══ The data

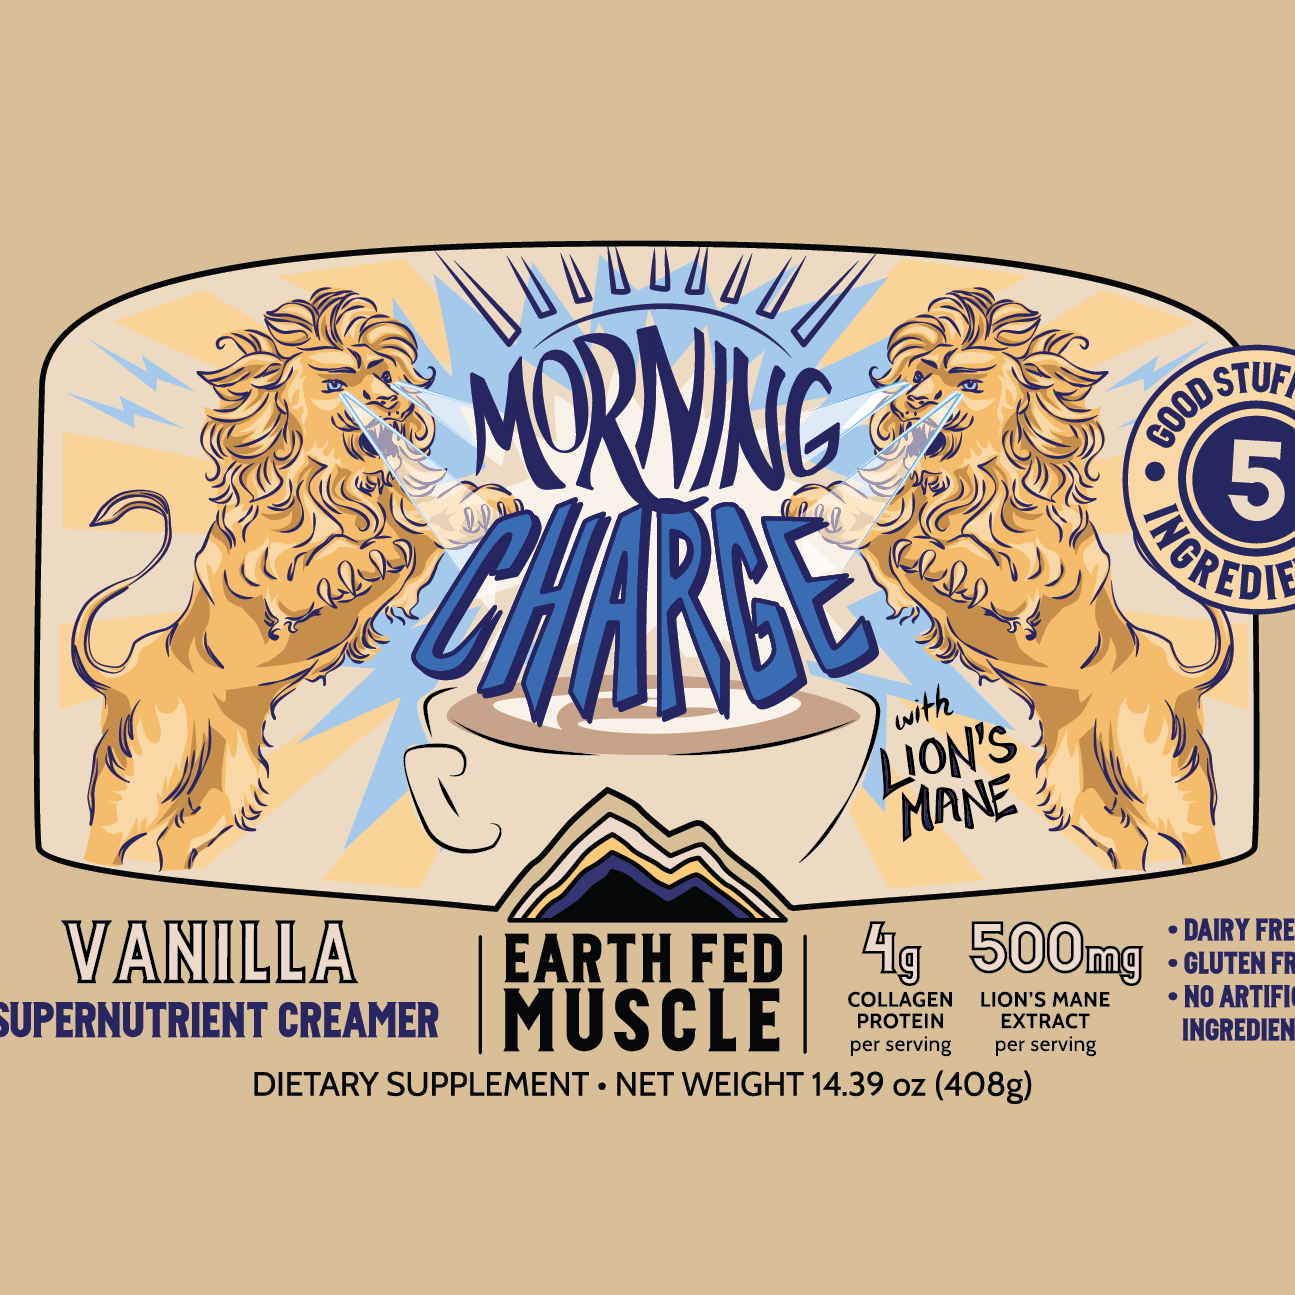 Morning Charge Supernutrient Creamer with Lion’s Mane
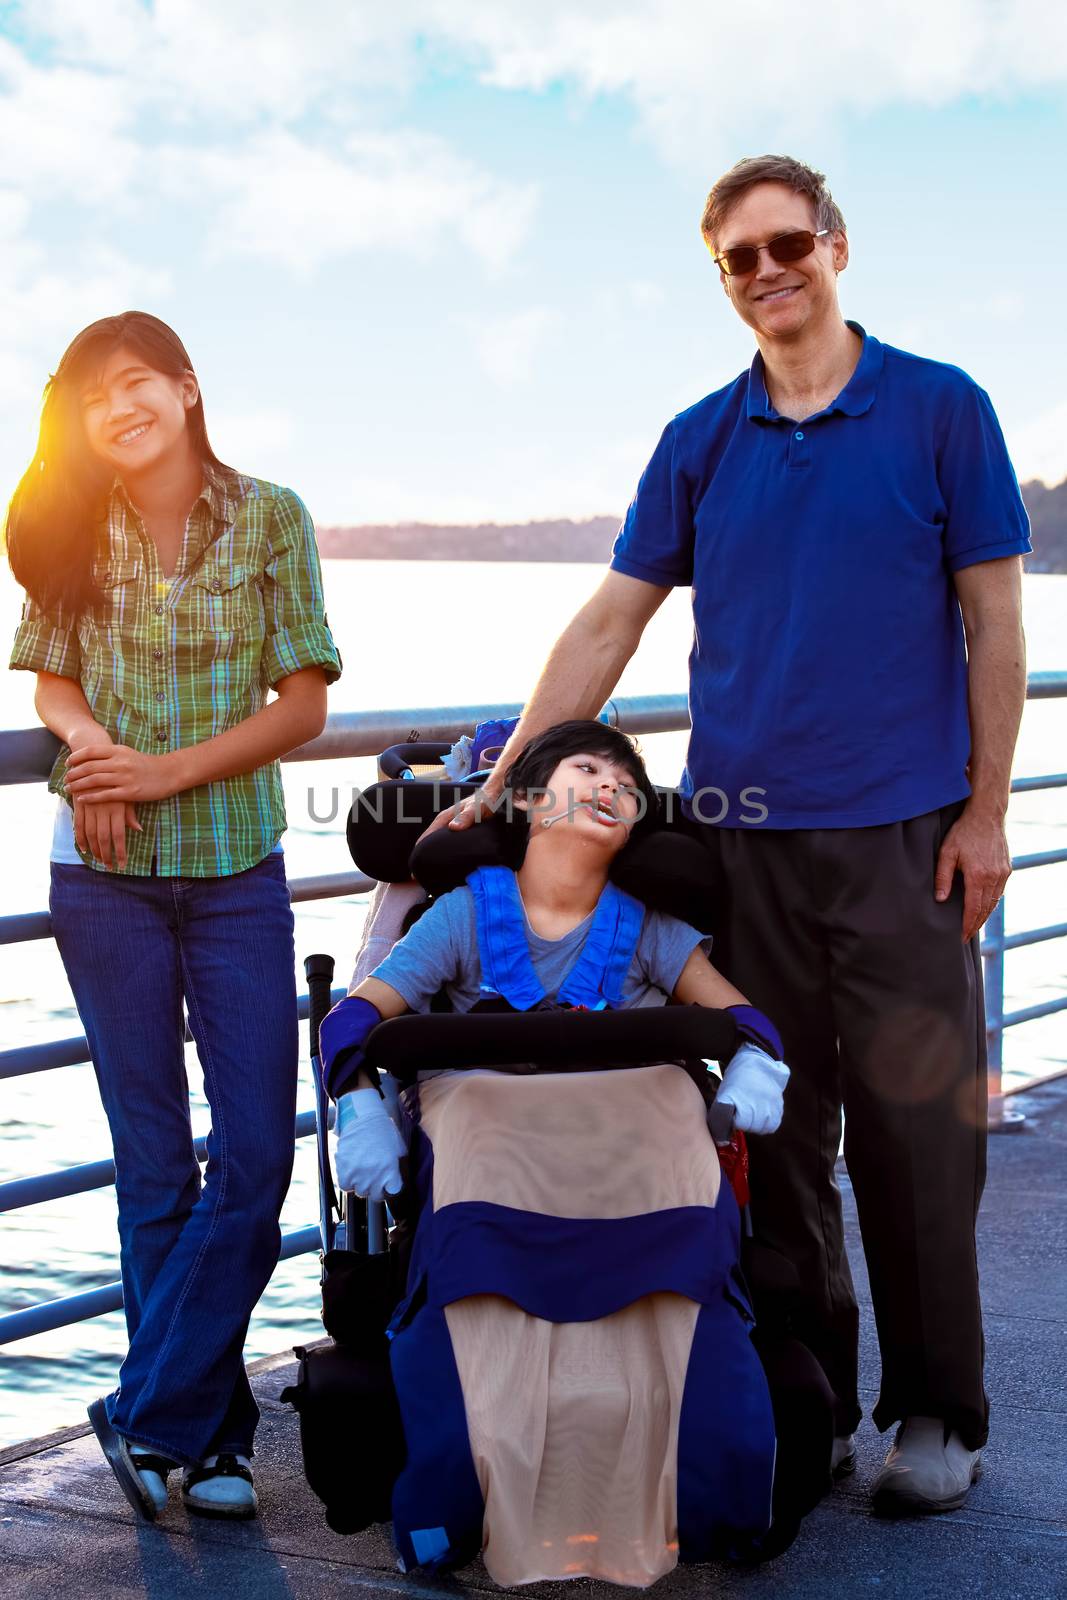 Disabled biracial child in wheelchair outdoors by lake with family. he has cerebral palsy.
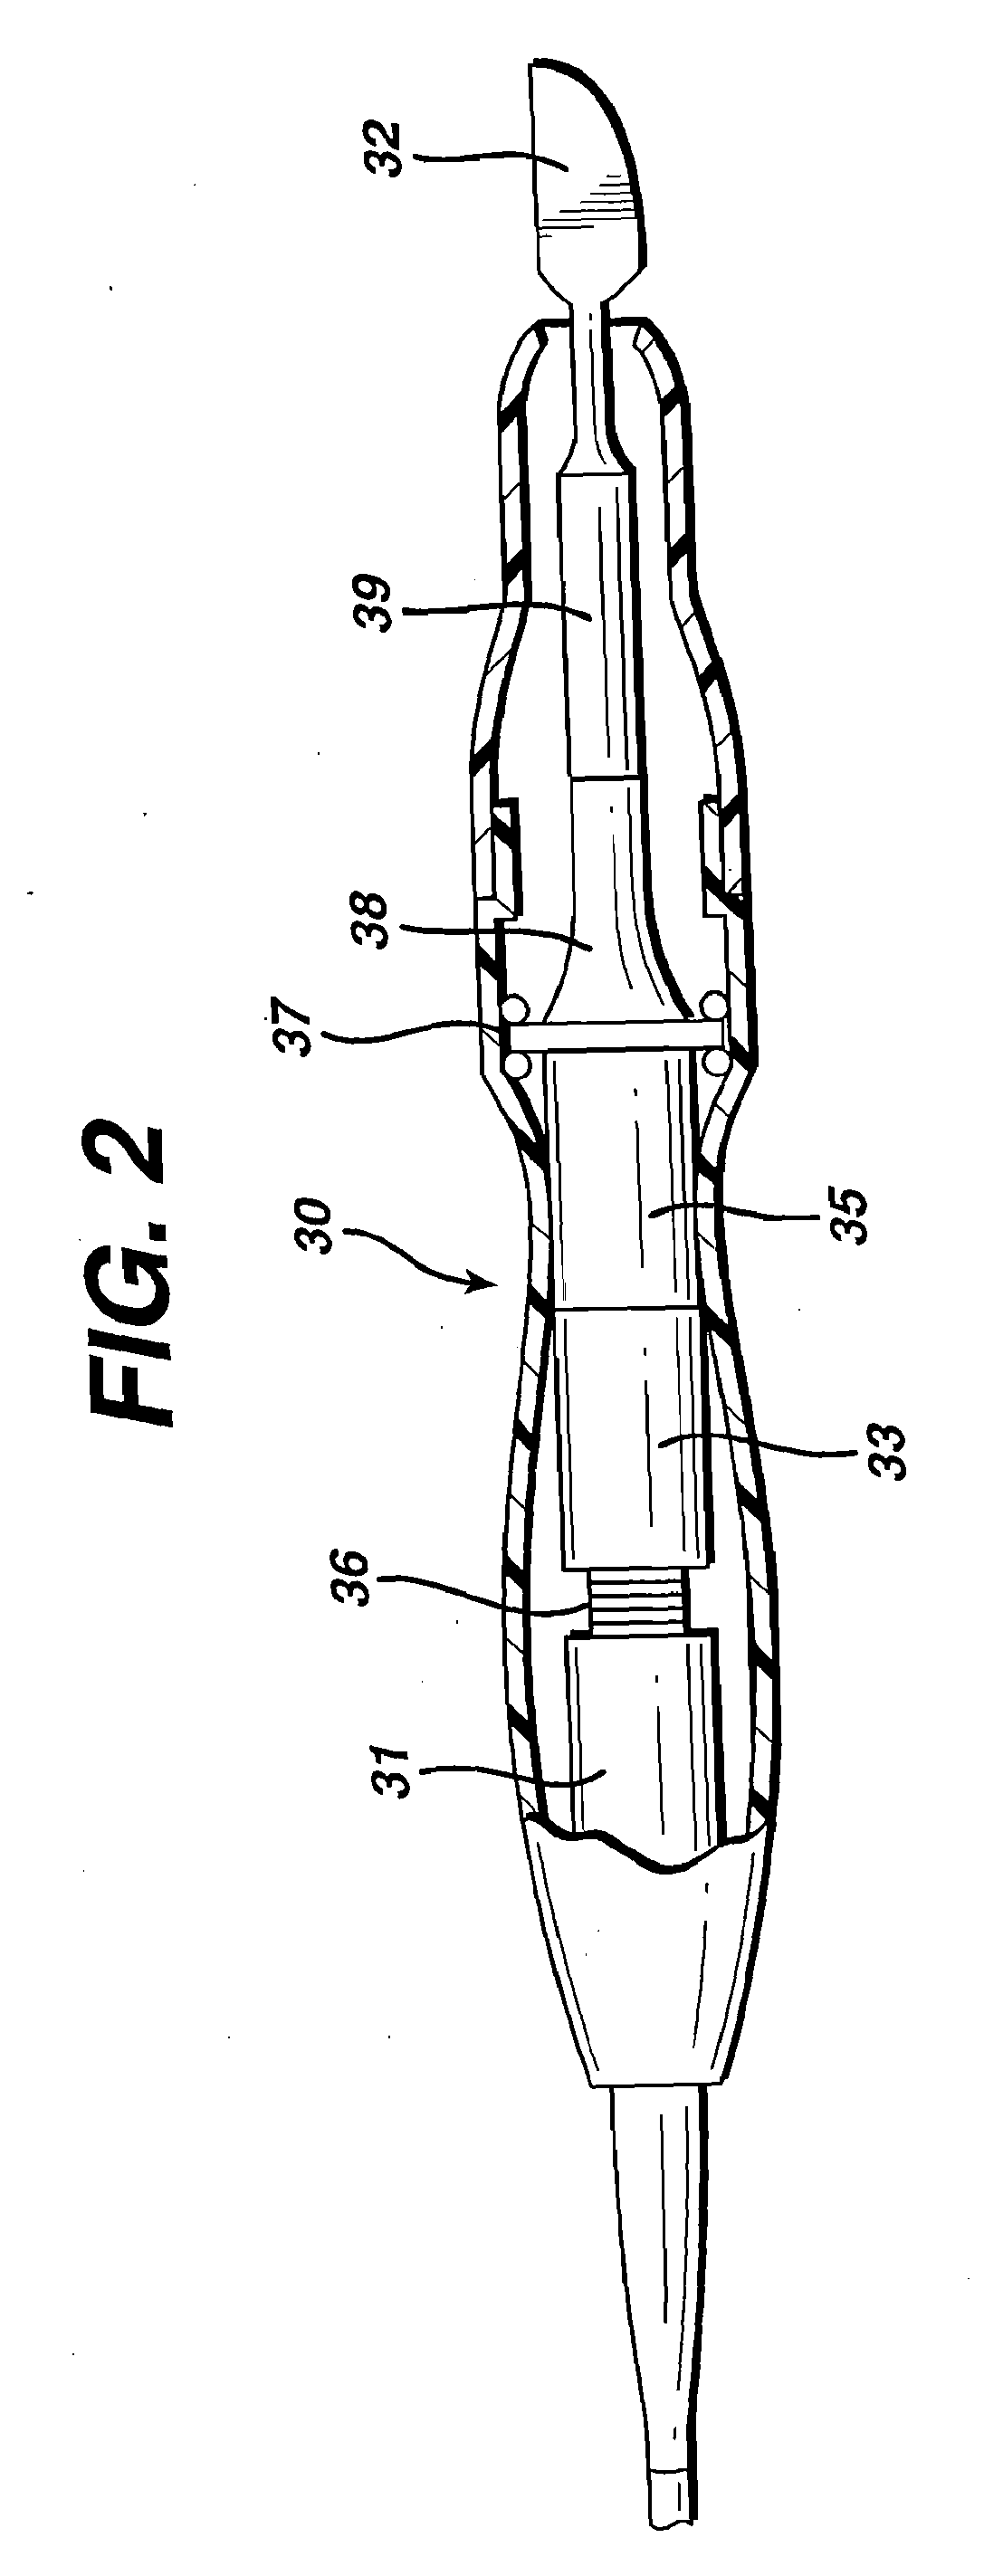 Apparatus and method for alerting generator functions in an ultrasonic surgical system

════

▶ _Your objective_: Output the listing word for word. Drop the pictures.

▶ _Answer below_:
 Morning Charge Supernutrient Creamer with Lion’s Mane
 Disabled biracial child in wheelchair outdoors by lake with family. he has cerebral palsy.
 Apparatus and method for alerting generator functions in an ultrasonic surgical system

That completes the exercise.